2018-05-10 12:03:13 +09:00
Ian Barwick
8320179f34 Add configuration file parameter "config_directory"
This enables explicit provision of an external configuration file
directory, which if set will be passed to "pg_ctl" as the -D
parameter. Otherwise "pg_ctl" will default to using the data directory,
which will cause some operations to fail if the configuration files
are not present there.

Note this is implemented primarily for feature completeness and for
development/testing purposes. Users who have installed "repmgr" from
a package should not rely on "pg_ctl" to stop/start/restart PostgreSQL,
instead they should set the appropriate "service_..._command" for their
operating system.
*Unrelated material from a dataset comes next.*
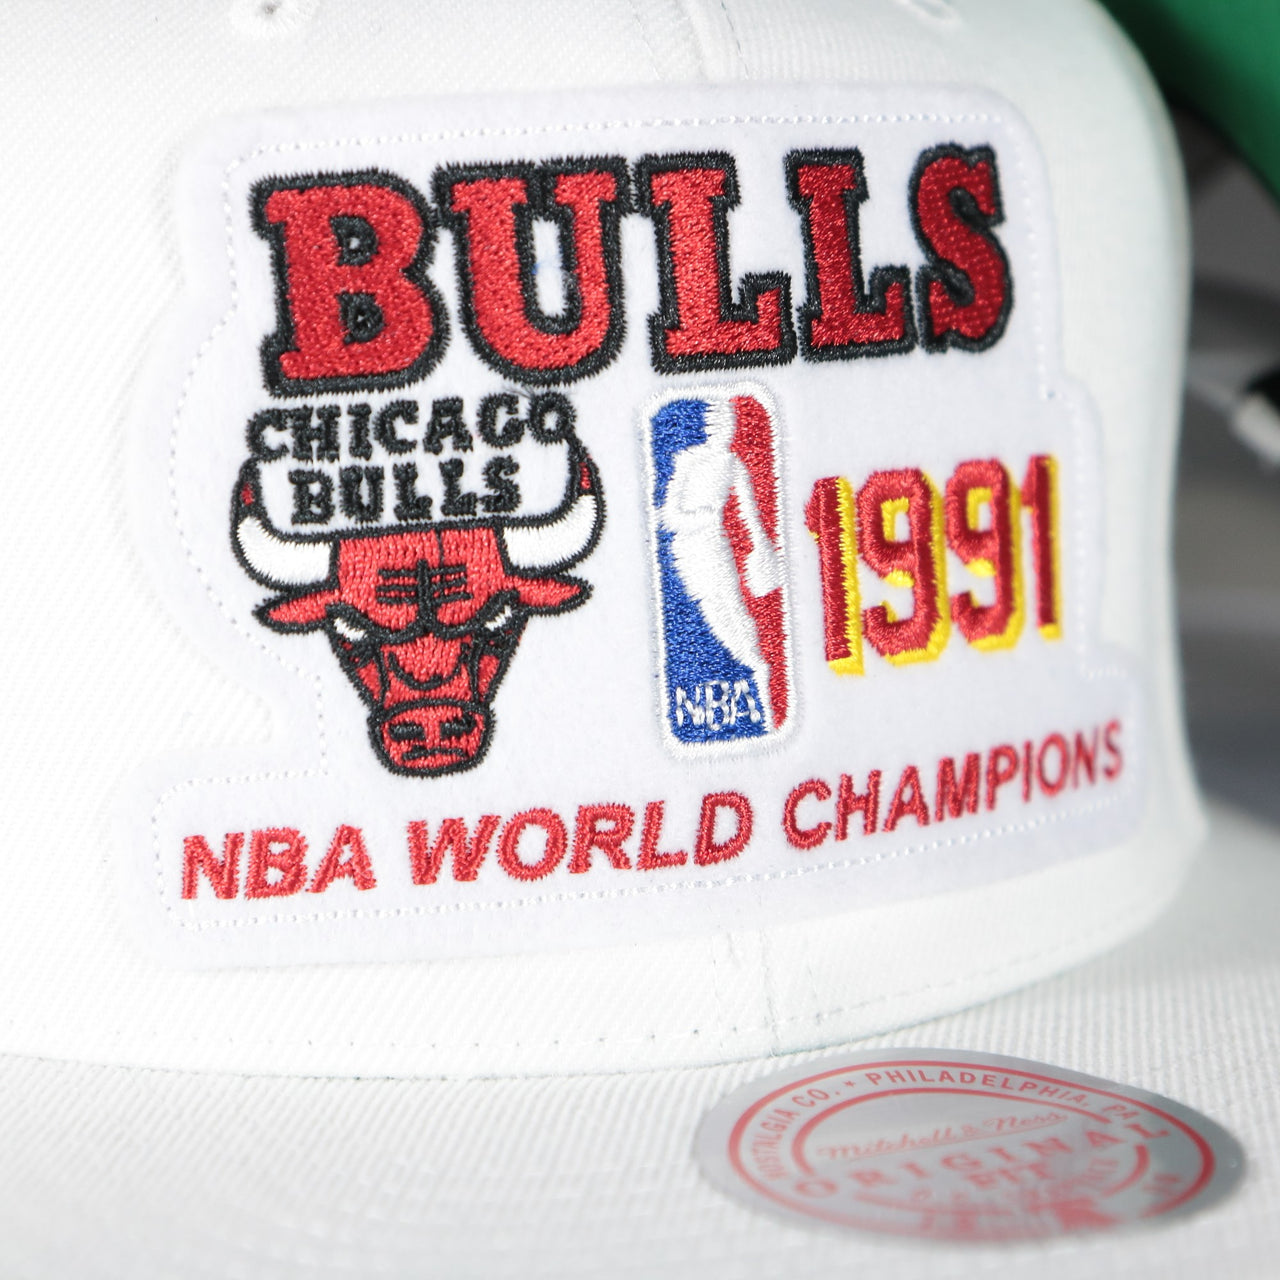 Chicago Bulls 1991 NBA World Champions Green Bottom | White Snapback Hat

For more details see:

    https://repmgr.org/docs/4.0/configuration-service-commands.html

Note: in a future release, the presence of "config_directory" in repmgr.conf
will be used to implictly set "--copy-external-config-files=samepath" when
cloning a standby; this is a behaviour change so will be implemented in the
next major realease (repmgr 4.1).

Implements GitHub #424.
2018-04-25 11:58:24 +09:00
Ian Barwick
cda952f1e4 Add "dbname=replication" to all replication connection strings
Previously repmgr was attempting to make replication connections
with "dbname" set to the repmgr database name. While this works
if e.g. the repmgr user also has replication permissions, it will
fail if a dedicated replication user is specified, who only has
permission to access the virtual "replication" database.
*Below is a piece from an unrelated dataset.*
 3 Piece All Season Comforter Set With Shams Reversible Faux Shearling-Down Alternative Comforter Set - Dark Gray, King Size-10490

Change this to use "dbname=replication" if the replication connection
user is different to the normal repmgr database user.

(We could just always set it to "replication", but that might break
existing installations e.g. where a .pgpass file is in use and there's
no "replication" entry for the normal repmgr database user).

Addresses GitHub #421.
2018-04-12 16:11:16 +09:00
Ian Barwick
62c29aab32 Don't issue a CHECKPOINT after promoting a standby.
Issuing a CHECKPOINT immediately after promoting a standby may impact
performance. Commit 239a548e9d ensures
one is only issued when required, i.e. during a switchover when
pg_rewind will be executed.

This reverts commit a2068768ab.
2018-04-09 14:35:54 +09:00